> **Task prompt**
Retype the lines below exactly, but only those from the line that has "220710-Northern Rivers Round" through the line that has "Miozing Bamboo Fiber". Omit every picture.
Dataset records Block Start
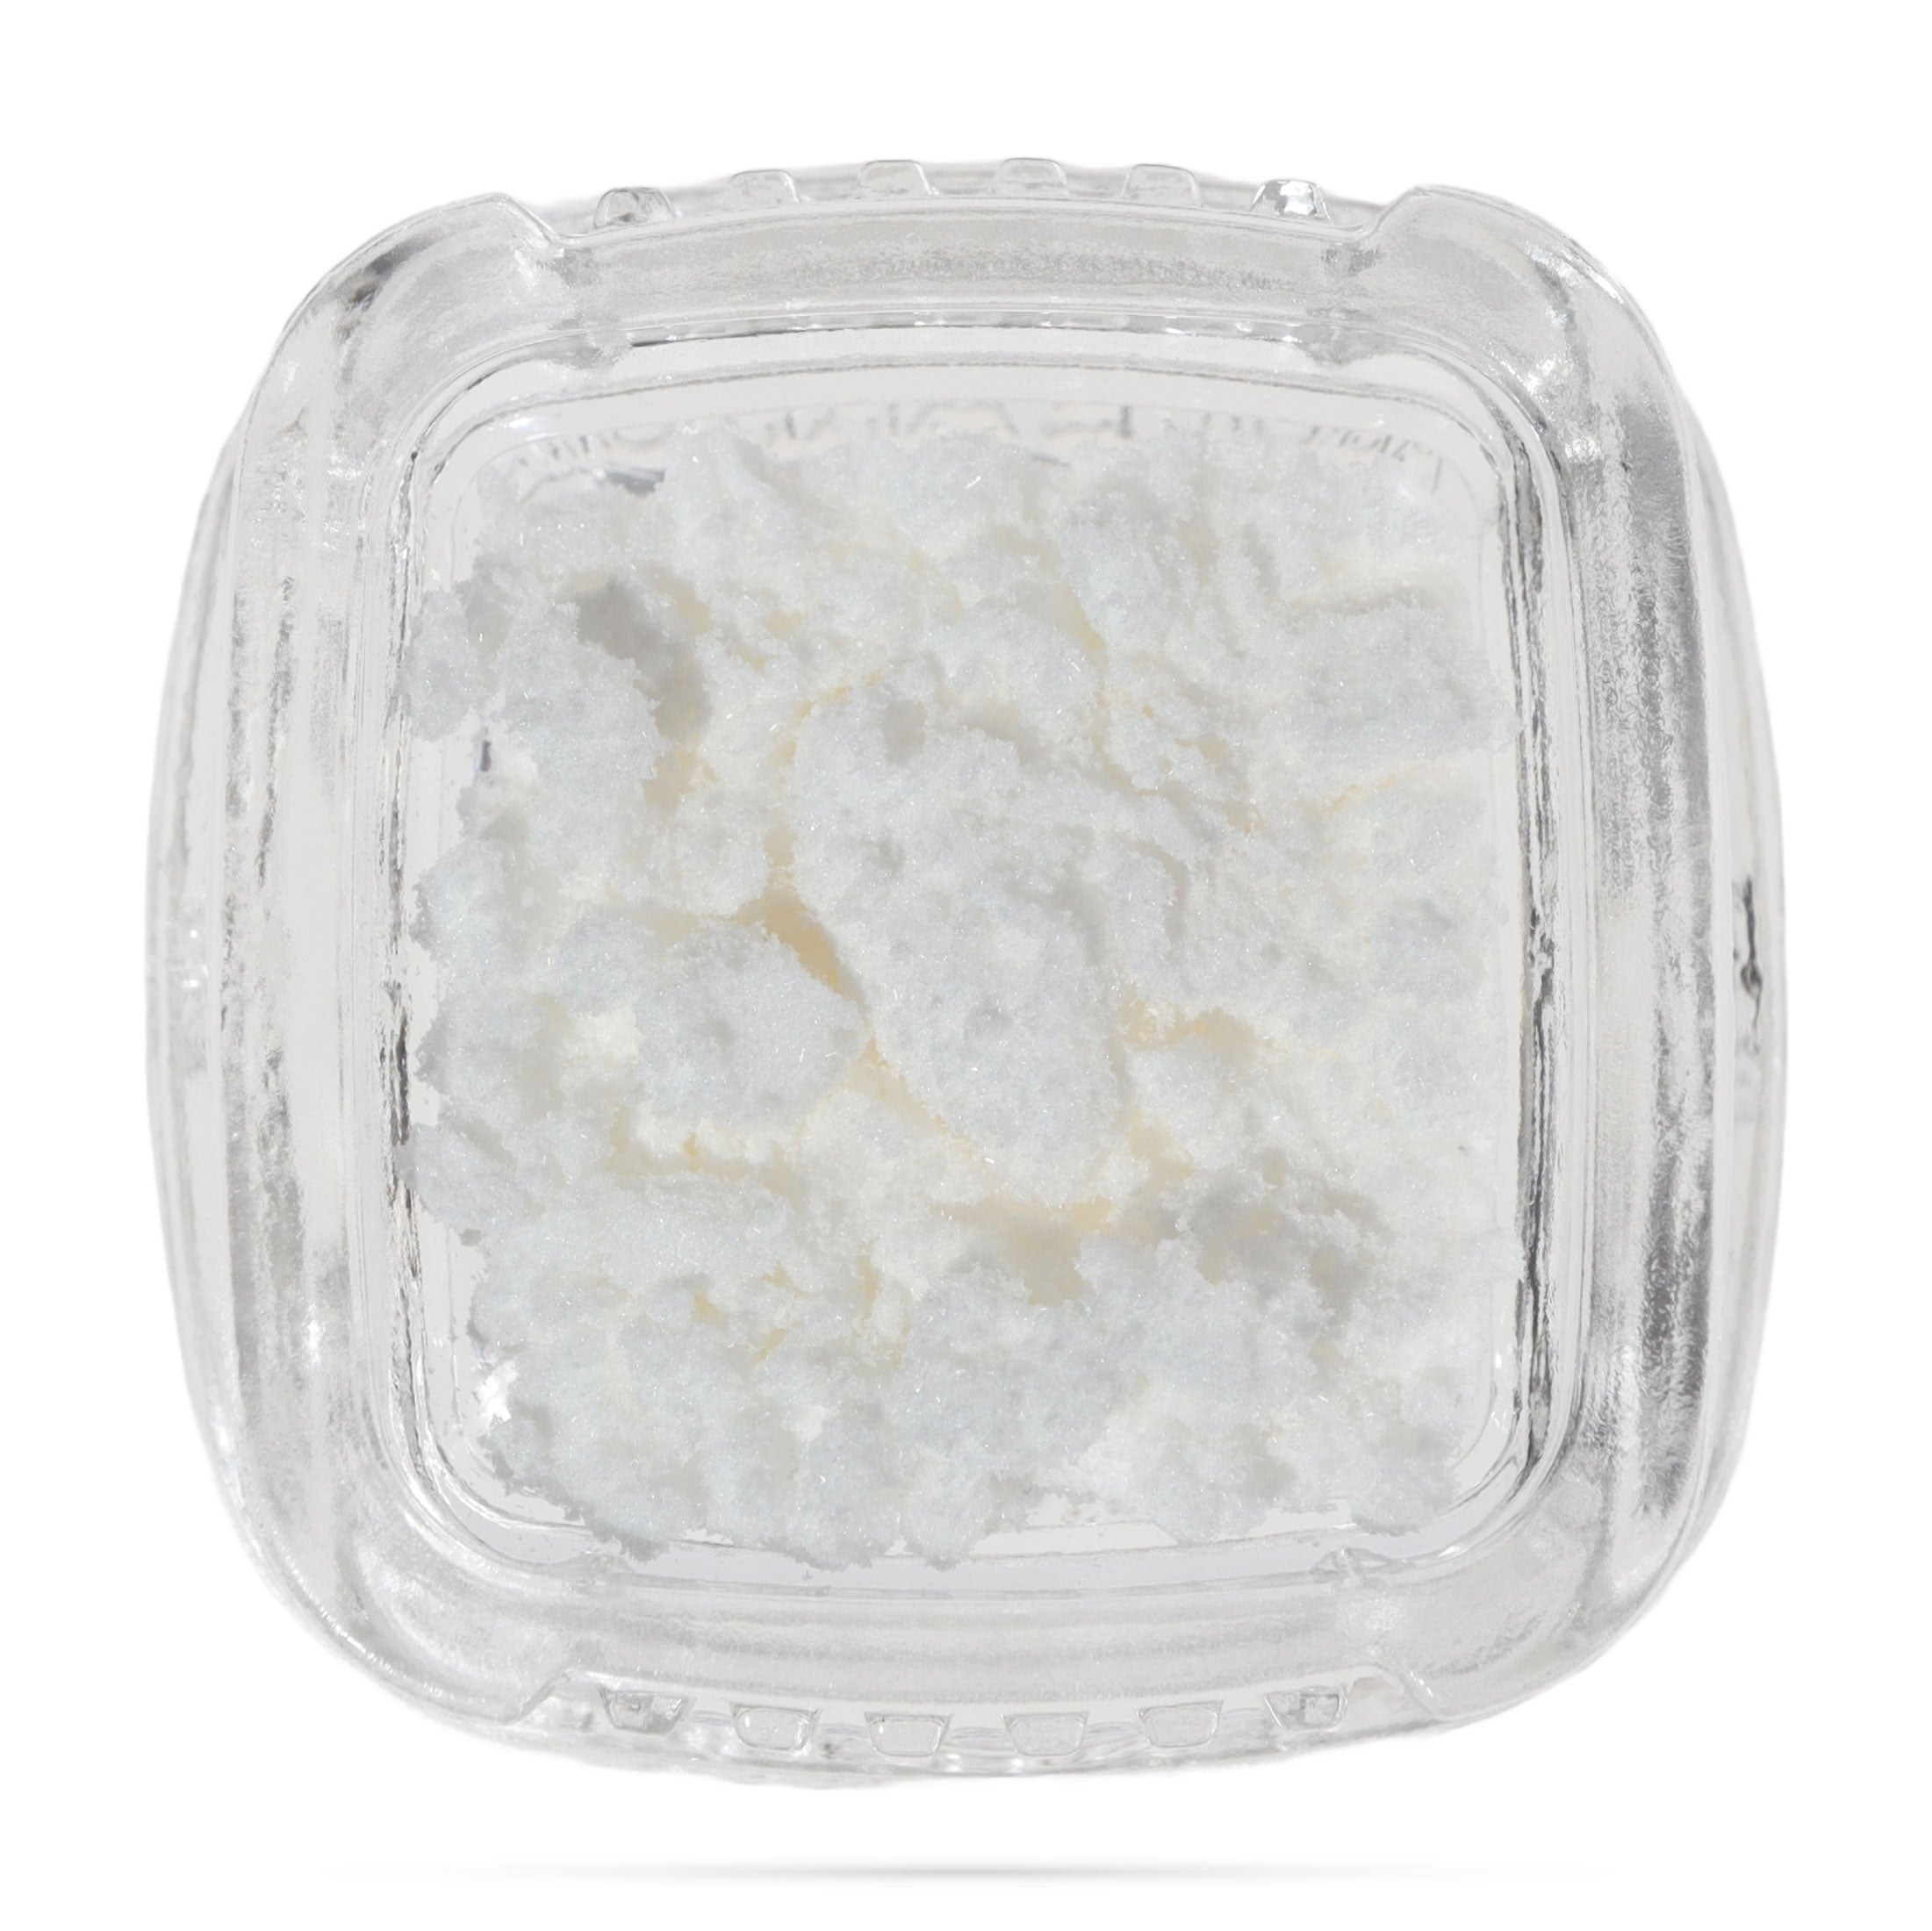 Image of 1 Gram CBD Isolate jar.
Dataset records Block End
Dataset records Block Start
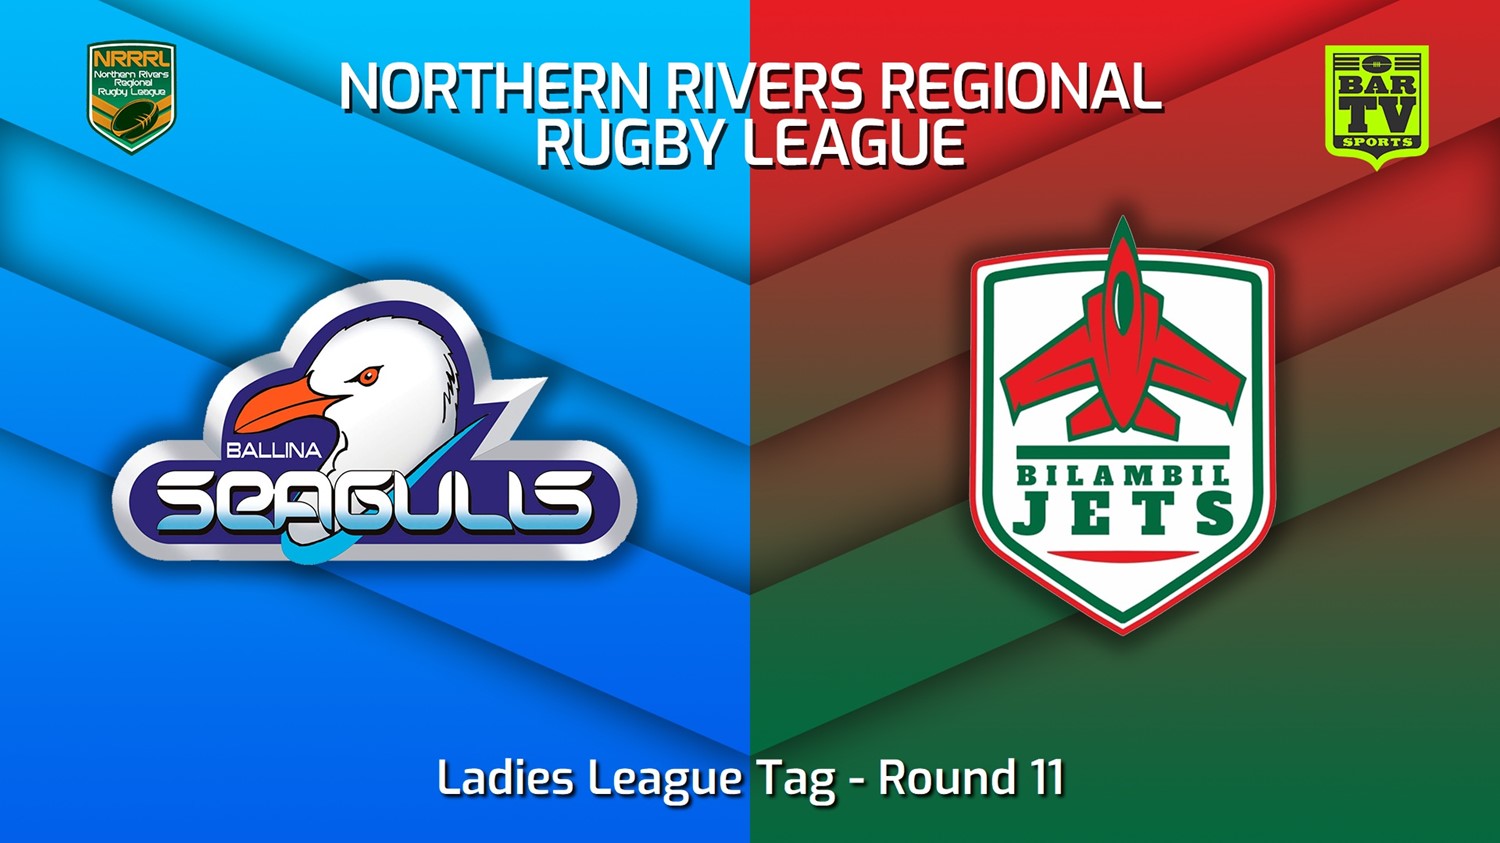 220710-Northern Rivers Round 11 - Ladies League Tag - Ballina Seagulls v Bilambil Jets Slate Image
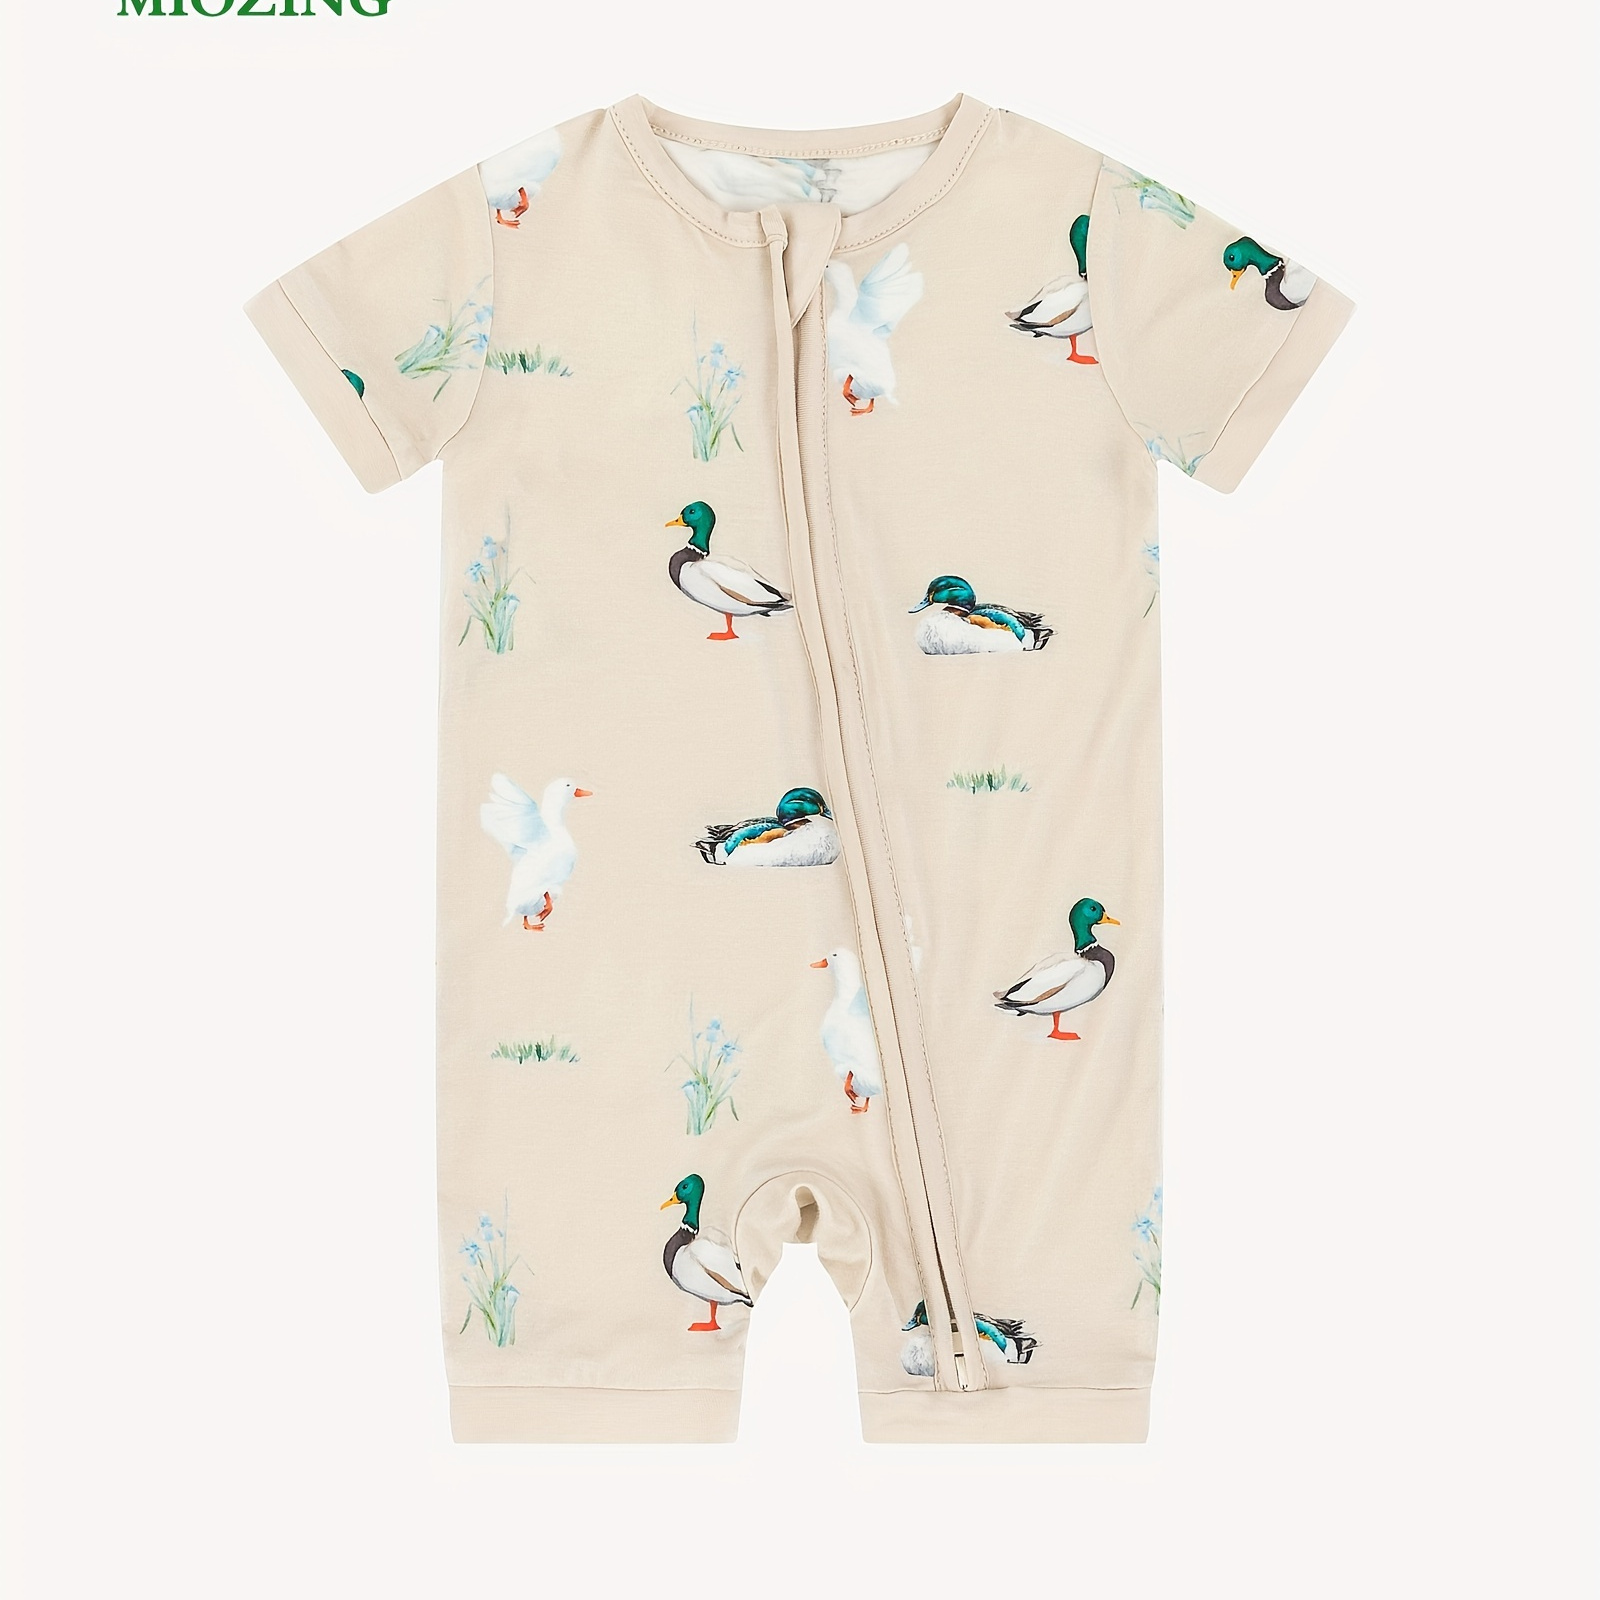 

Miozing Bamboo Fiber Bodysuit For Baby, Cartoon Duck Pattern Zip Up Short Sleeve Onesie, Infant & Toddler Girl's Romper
Dataset records Block End
Dataset records Block Start
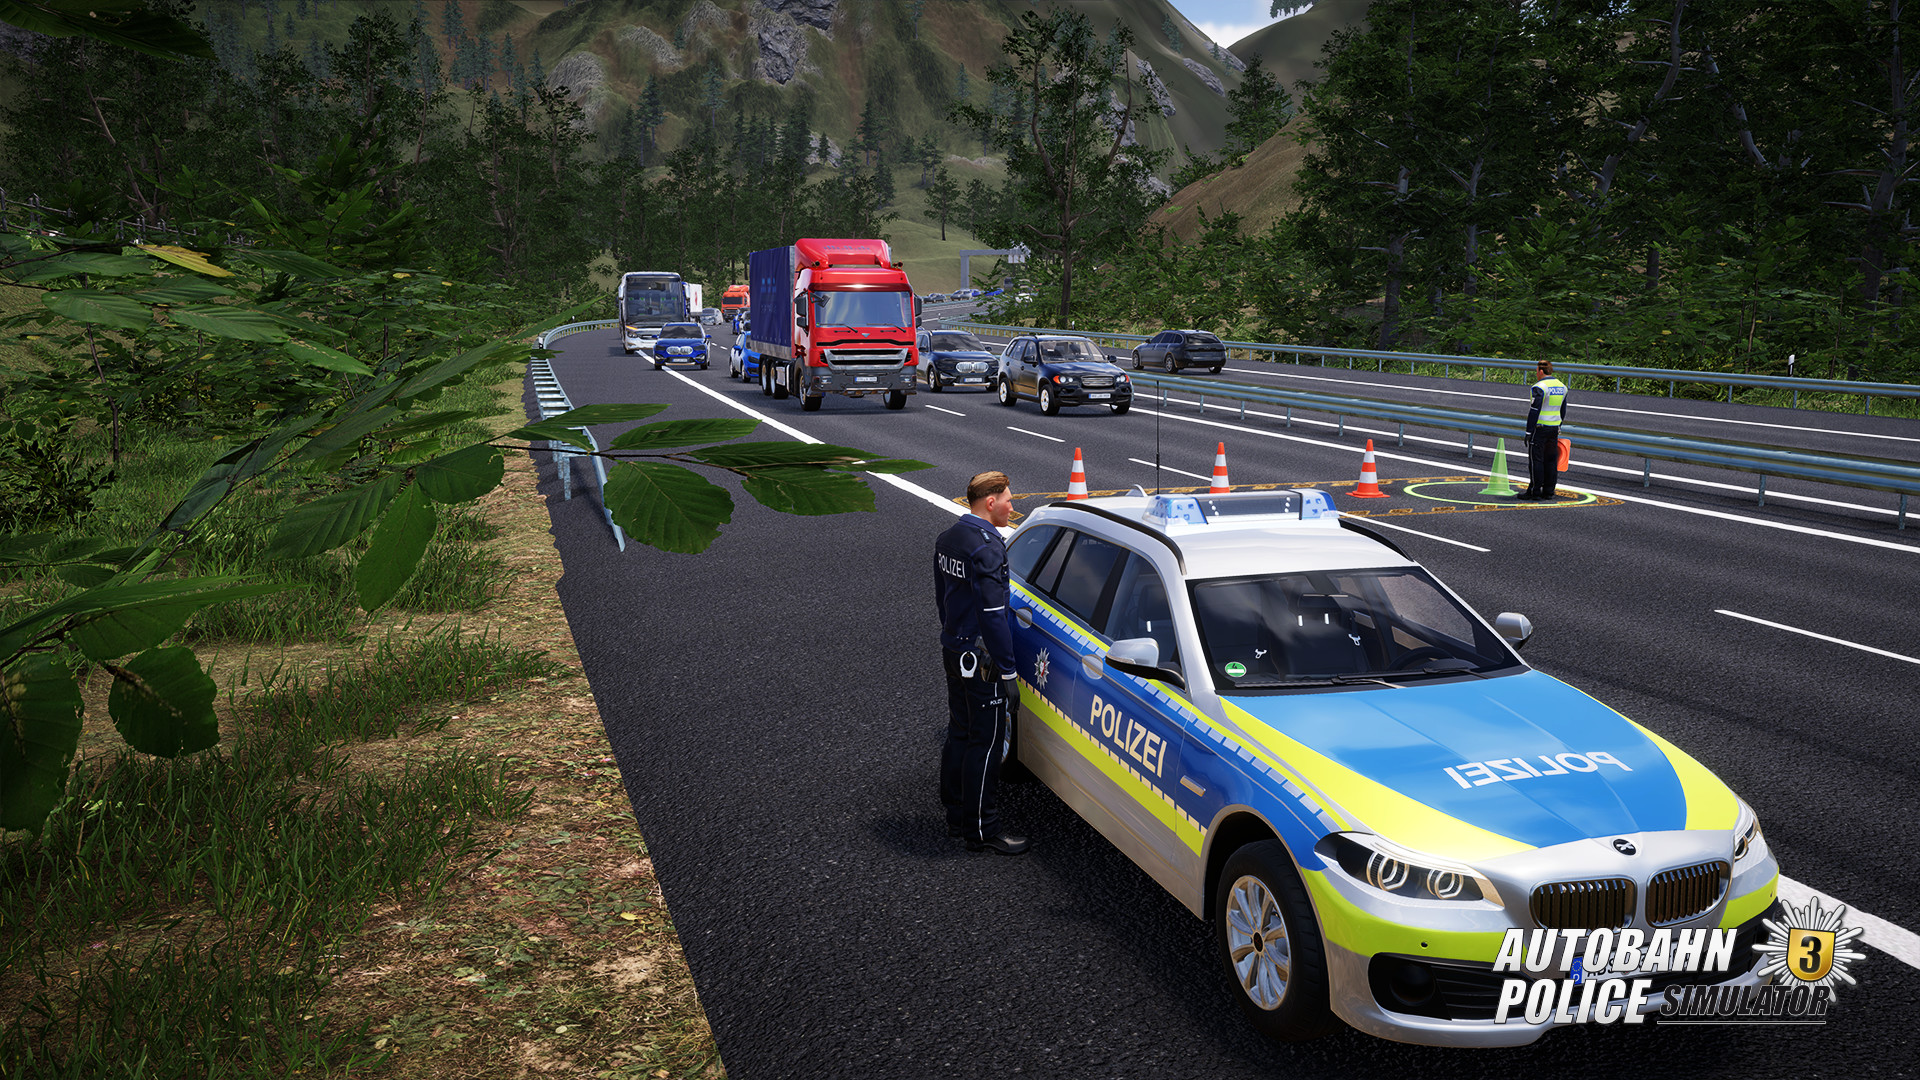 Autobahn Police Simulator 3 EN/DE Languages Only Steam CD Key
Dataset records Block End
> **Output**
 220710-Northern Rivers Round 11 - Ladies League Tag - Ballina Seagulls v Bilambil Jets Slate Image

Miozing Bamboo Fiber Bodysuit For Baby, Cartoon Duck Pattern Zip Up Short Sleeve Onesie, Infant & Toddler Girl's Romper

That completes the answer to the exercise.